As expected, the higher ranked pages have more incoming edges than the lower ranked pages on average. It is important to note that a page being linked by a lot of other pages doesn't imply that it will rank high on the pagerank. The rank of a page is mainly influenced by the quality of the pages that link to it. A page which is linked on many other pages however is still far more likely to end up higher in the pagerank than a page which is linked less frequently. This is also shown in the data from the pagerank calculation above. The lower the pagerank the fewer incoming edges those pages have. There are however some exceptions in the data. One of them is the number 1 ranked page.
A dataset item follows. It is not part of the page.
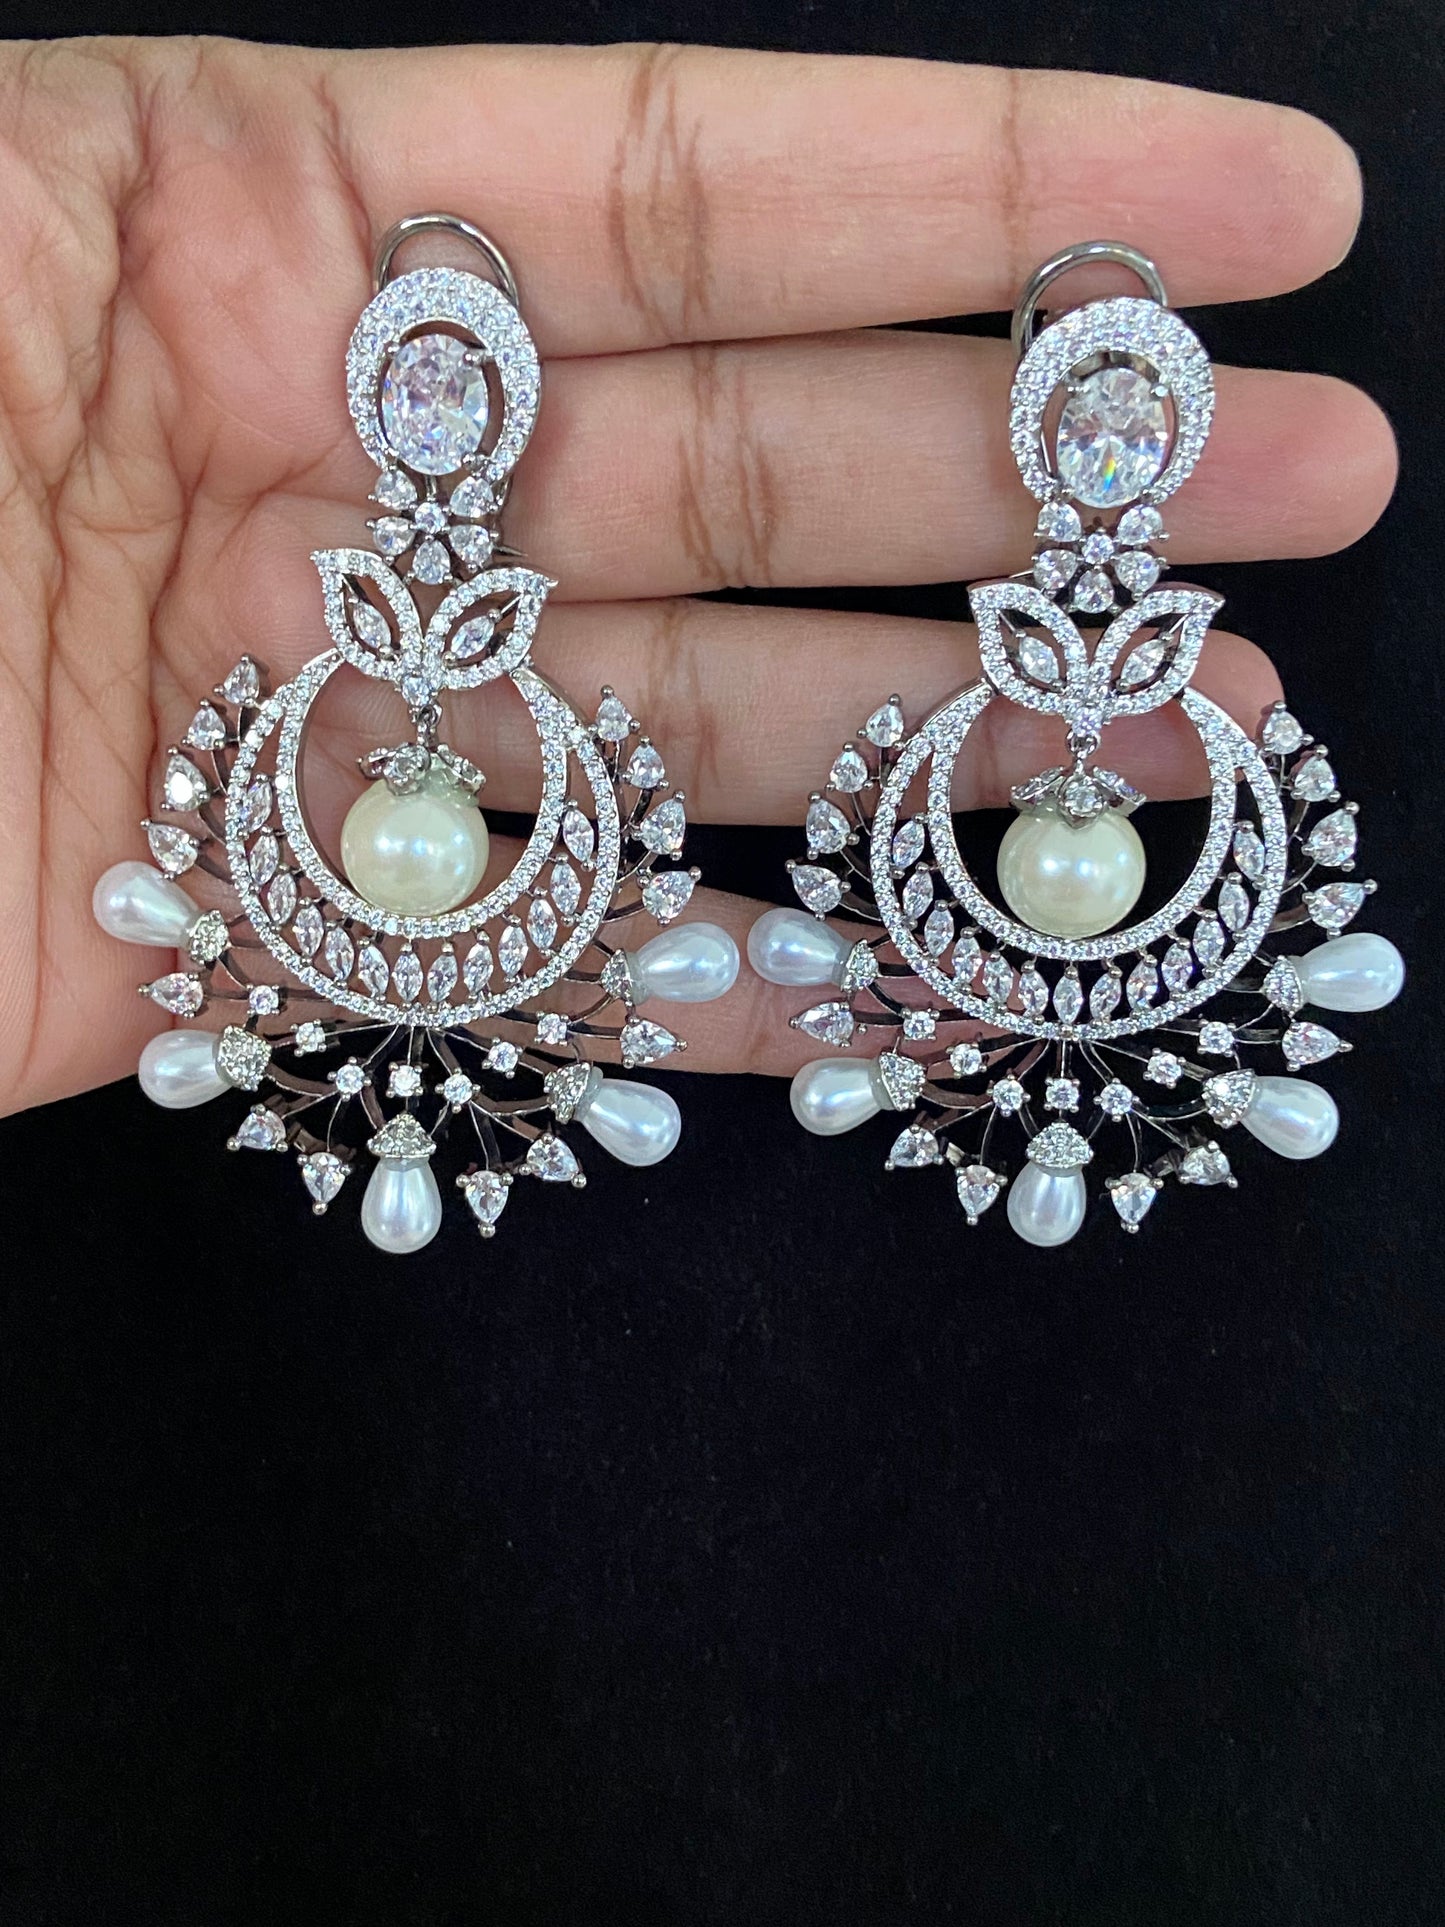 Victorian chandbali earrings | Party wear earrings

The rank of that page far exceeds the other pages with having a score of 0.042793	= 4.3% while the second best ranked page only had a score of 0.019961 = 2.0%. We will analyze this page by looking at the quality of the pages that link to it.

In [121]:
def gen_df(node):
    df_pred = pd.DataFrame(list(G.predecessors(node)), columns=['node'])
    scores = {}
    out_edges = {}
    for n in G.predecessors(node):
        out_edges[n] = len(G.out_edges(n))
        scores[n] = pr.get(n)
    df_out_edges = pd.DataFrame(list(out_edges.items()), columns=['node', 'out edges'])     
    df_score = pd.DataFrame(list(scores.items()), columns=['node', 'score']).sort_values(by=['score'], ascending=False)
    df_temp = pd.merge(df_score, df_pred, on='node')
    df_total = pd.merge(df_temp, df_out_edges, on='node')
    df_total.index = df_total.index + 1
    return df_total

def gen_sum_inc(node):
    summation = 0
    for n in G.predecessors(node):
        summation += pr.get(n)
    return summation    

In [122]:
display(gen_df('404'))

Unnamed: 0,node,score,out edges
1,195,0.019961,1
2,77,0.018628,2
3,192,0.009365,3
4,126,0.008144,1
5,346,0.005487,3
6,403,0.004875,2
7,24,0.003894,3
8,246,0.002964,2
9,882,0.002327,1
10,775,0.000385,1


In [123]:
display(gen_df('195'))

Unnamed: 0,node,score,out edges
1,77,0.018628,2
2,36,0.011117,5
3,192,0.009365,3
4,181,0.005597,12
5,346,0.005487,3
6,182,0.004905,13
7,116,0.004715,54
8,125,0.003839,4
9,115,0.003329,45
10,101,0.003121,5


In [124]:
display(gen_sum_inc('404'))

0.07603158841472238

In [125]:
display(gen_sum_inc('195'))

0.1244965540211601

The data clearly shows that there are a lot more links to 195 than 404. Also does the data show that the sum of the score of all the pages that link to 195 is almost twice as high as the sum of the score of all pages that link to 404. Even though this is the case the score of 404 is way higher than the score of 195. The reason for this is that the pages that link to 195 also link to a lot of other pages while this is not the case for 404. The amount of outgoing edges for the pages that link to 404 is lower than for 195. Also do links from low scoring pages not affect the score of a page by a lot. Most of the score that both pages 404 and 195 get is from a few pages with high scores and low amount of links.